Мы поднялись наверх. Пришло время делить поклажу и двигаться дальше. А дальше было болото.
Памятуя о своём первом опыте на болоте после потери памяти, первое, что я сделала, это выломала крепкий прут из ближайшей осинки. Затем быстро привязала свою сумку к верху рюкзака, чтобы удобнее было нести.
— Молодец, — блеснув глазами, похвалил Василий.
Остальные (новички) принялись следовать моему примеру и ломать палки.
— А вы зачем? — буркнул Григорий, егерь из другой лодки, — она — баба, пусть себе идёт, как сможет, а вы будете груз нести. Не надо руку занимать.
— А если яма в болоте? — возмутился Лёня, ещё один новичок. — Можно же уйти с головой.
— Как уйдёшь, так и выйдешь, — отмахнулся Григорий и велел, — Так! Распределяем груз. Всем по рюкзаку и по две сумки. Двое будут нести вот этот свёрток.
— Его надо осторожно, — засуетился Бармалей, — там ценное оборудование.
— Слышали? — сказал Григорий.
— Нет, я так не согласен! — рассердился Лёня, — пусть она тогда мой рюкзак несёт.
— Ты чего, не мужик что ли? — нахмурился Василий.
— Я буду идти по болоту с палкой! — упёрся Лёня, глядя на меня злыми глазами.
Я пожала плечами и взяла его рюкзак.
— Положи, — велел Василий.
— Да что ты её защищаешь⁈ — возмущенно крикнул Олег, зло сверкнув весёлыми глазами в мою сторону, — из-за неё, говорят, предыдущая группа погибла, и мы четыре дня в Кедровом торчали, пока она в ментовке сидела. Нечего её жалеть!
— Нишкни! — вдруг подал голос ранее молчавший Степан, — взял и понёс.
Олег подавился на полуслове, раздражённо схватил груз и понуро побрёл вслед за Григорием, который уже начал первым двигаться по болоту, следуя за Зверем. Лёня обжёг меня злым взглядом и тоже потащил свою поклажу.
— Теперь ты, — велел мне Степан и, пропустив меня вперёд, пошёл вслед за мной.
Я шла, осторожно ощупывая палкой дорогу впереди себя. Радовало хоть то, что болото было малотопкое, обильно покрытое вахтой и белокрыльником. Я старалась наступать на их побеги, которые плотной сеткой оплетали всю воду, так что выше колена ноги не уходили. Правда идти было тяжело, побеги цеплялись, каждый раз приходилось вытаскивать ногу с большим трудом, силы от этого терялись. А несколько раз палка проваливалась почти вниз, но каждый раз удавалось вовремя сгруппироваться и не ухнуть вслед за нею.

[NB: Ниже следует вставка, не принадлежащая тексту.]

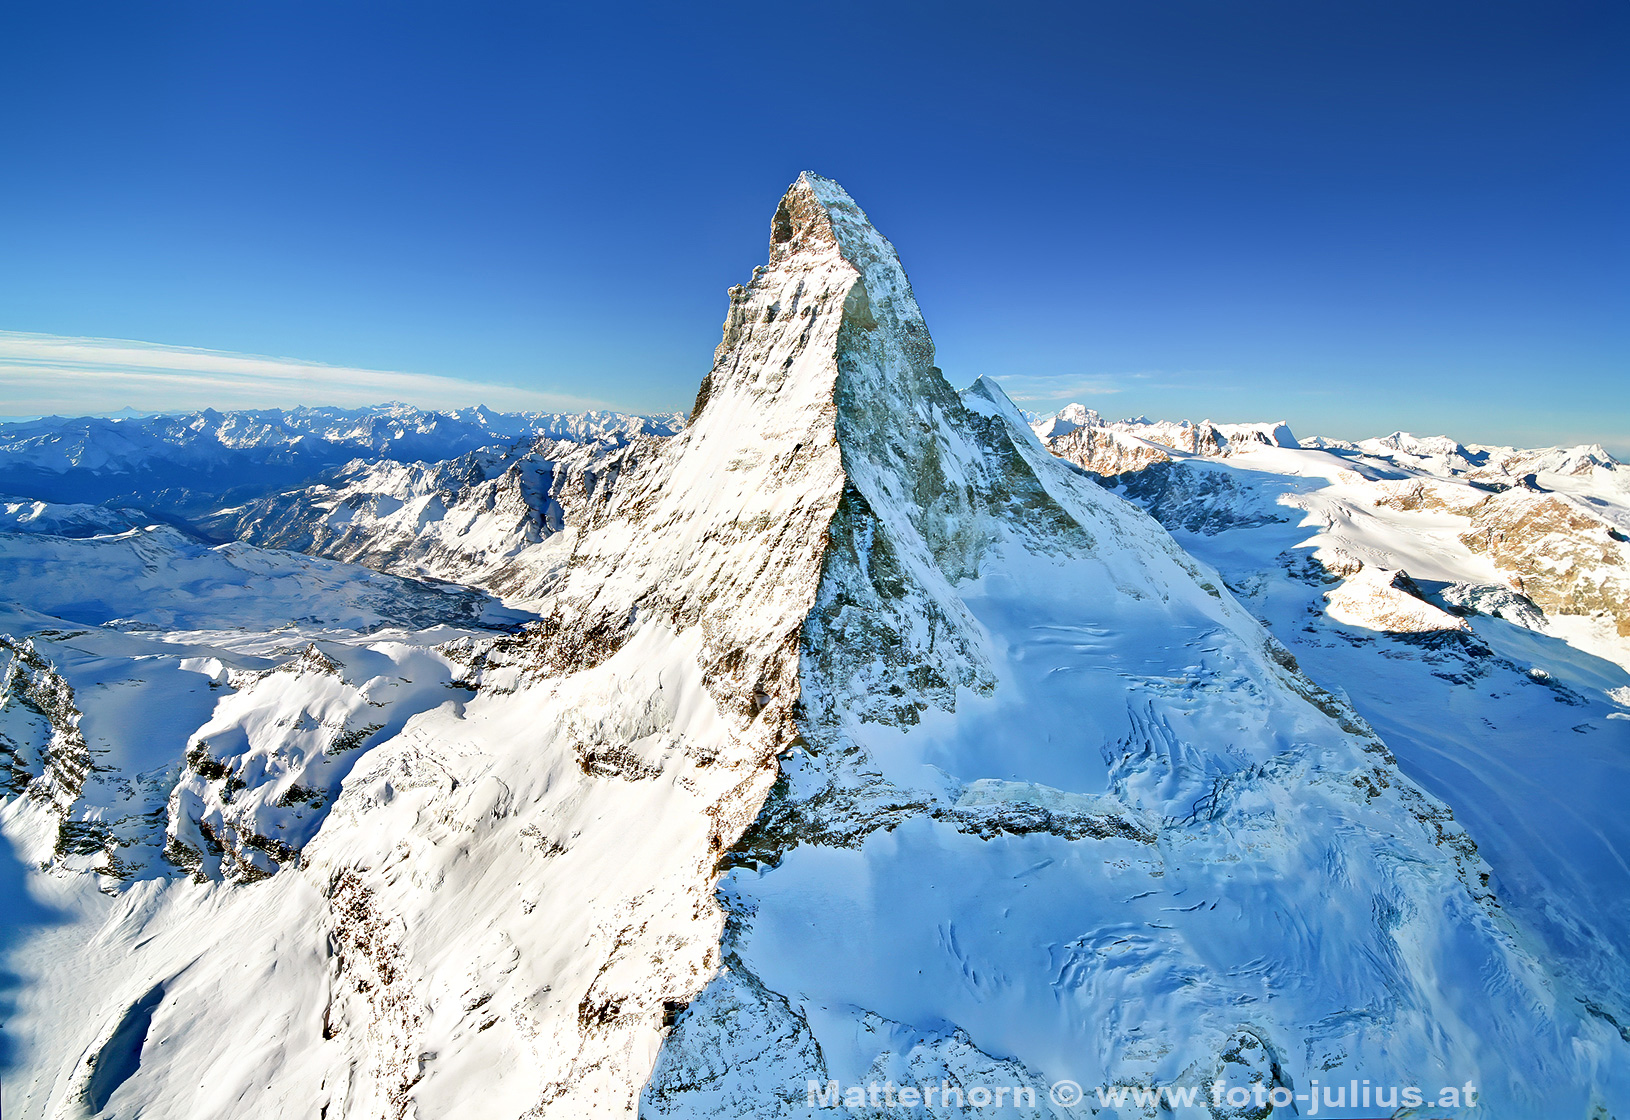 0602a_Matterhorn.jpg, 846kB

Было жарко и душно, проклятые мошки норовили забраться под сетку энцефалитки, намазанное гвоздикой лицо изошло потом и гнус принялся поедать меня живьём. Остальным было ещё хуже. Я-то шла почти налегке, не считая килограмм пятьдесят веса (хотя по ощущениям вся тонна!), но они были на спине, так что нормально. А вот им было совсем паршиво, тяжело, и руки заняты, что и не почешешься.
Уже через часа полтора, многие запыхались. Остановки стали всё чаще.
Новички явно не тянули.
Уж не знаю, где и по какому принципу Бармалей их набрал. Может быть они как специалисты были супер, но как полевики, они были ни о чём.
Лафа закончилась, когда Лёня сильно подвернул ногу и, обессиленный, рухнул прямо в болото. Идти он дальше не мог, а тем более, тащить груз.
Еле-еле его дотащили до сухого.
— Это ты во всём виновата! — зло баюкая ногу, прошипел в мою сторону Лёня, когда мужики отошли перекурить и посоветоваться, что делать. — От тебя толку нету! Если б ты взяла мой рюкзак, я бы палкой проверял дорогу и не повредил ногу. Может, у меня перелом!
Ответить я не успела, вернулись мужики.
— Давай-ка, Горелова, иди вперёд, здесь меньше километра до лагеря, ты налегке быстро дойдёшь. Дорога помечена красными лоскутами, так что не заблудишься, — велел Бармалей, — а там скажи мужикам, пусть идут сюда помогать. А то сами всё не дотащим. Ещё и Леонид же.
— И Зверь с тобой пойдёт, — добавил Василий и свистнул псу.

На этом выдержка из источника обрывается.